━━━ Given data

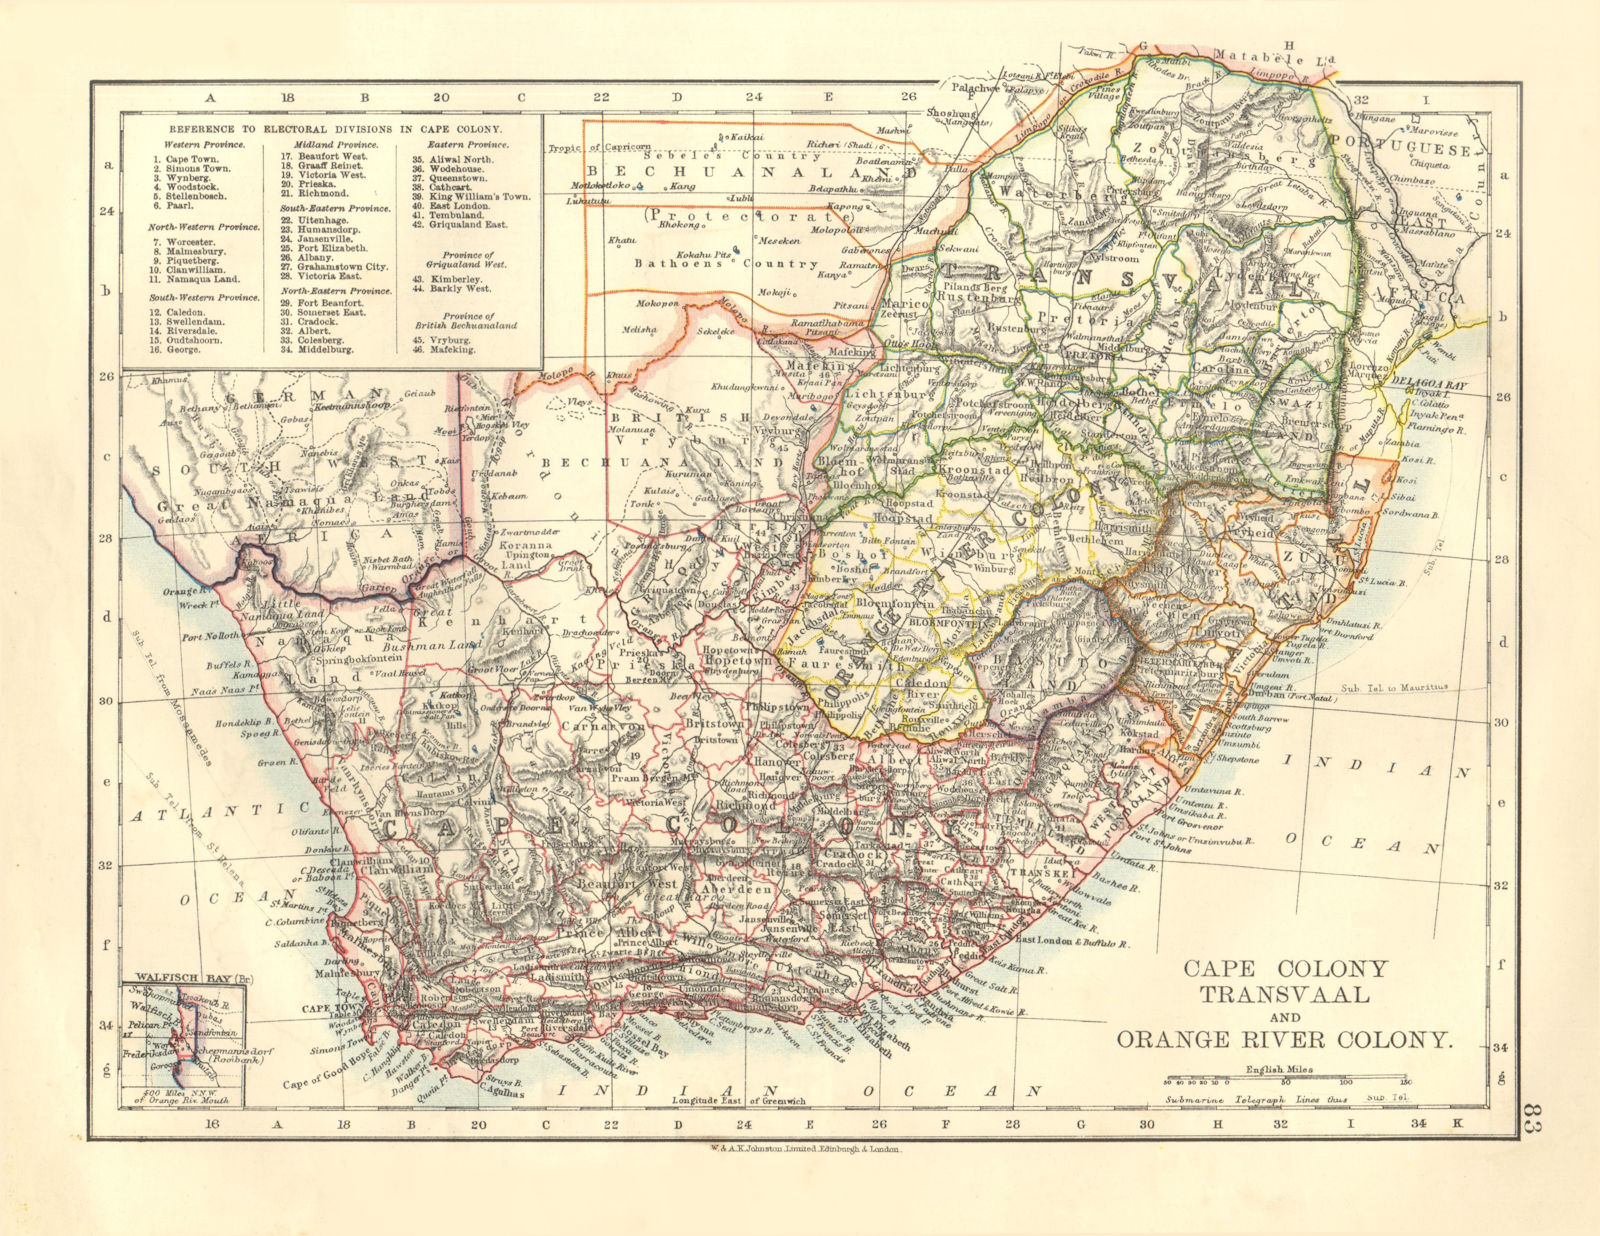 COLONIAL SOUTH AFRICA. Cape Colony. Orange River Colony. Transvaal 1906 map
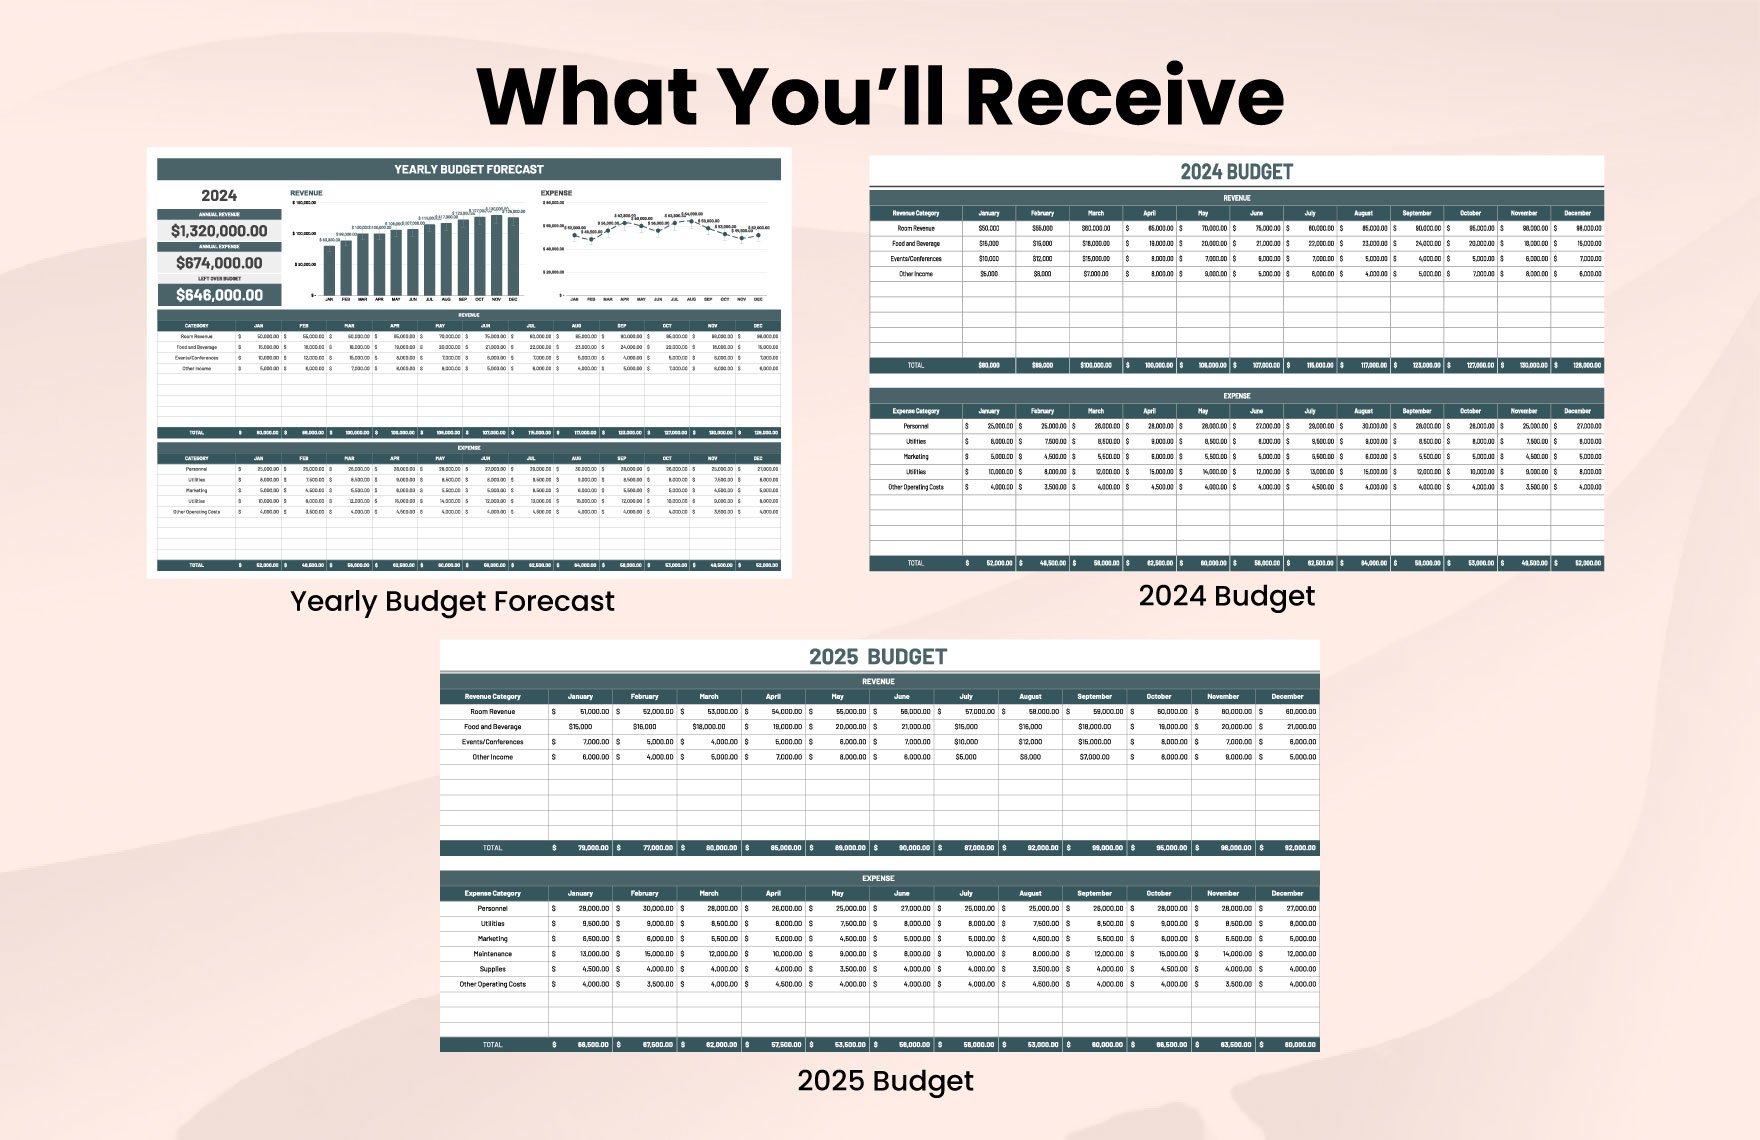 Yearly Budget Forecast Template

━━━━━━
━━━ Given data

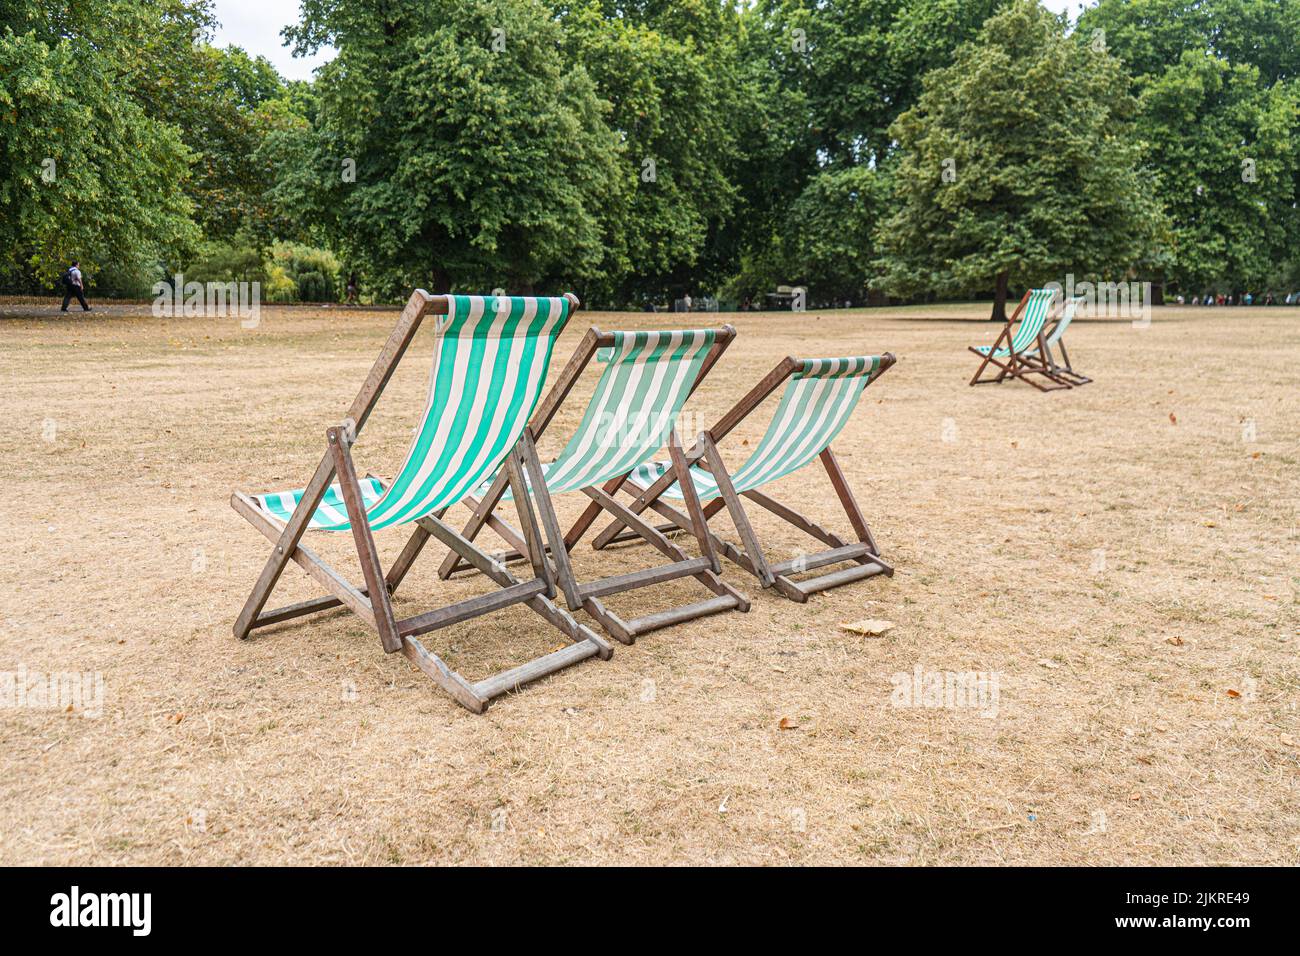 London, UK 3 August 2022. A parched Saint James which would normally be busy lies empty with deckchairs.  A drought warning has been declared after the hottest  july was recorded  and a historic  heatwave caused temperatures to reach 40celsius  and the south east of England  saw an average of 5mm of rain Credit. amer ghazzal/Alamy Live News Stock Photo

━━━━━━

**What you have to do**:
Within the entries above, give again exactly the lines starting at the one that contains "COLONIAL SOUTH AFRICA." and ending at the one that contains "Yearly Budget Forecast Template", leaving out the pictures.

**Solution below**:
 COLONIAL SOUTH AFRICA. Cape Colony. Orange River Colony. Transvaal 1906 map
 Yearly Budget Forecast Template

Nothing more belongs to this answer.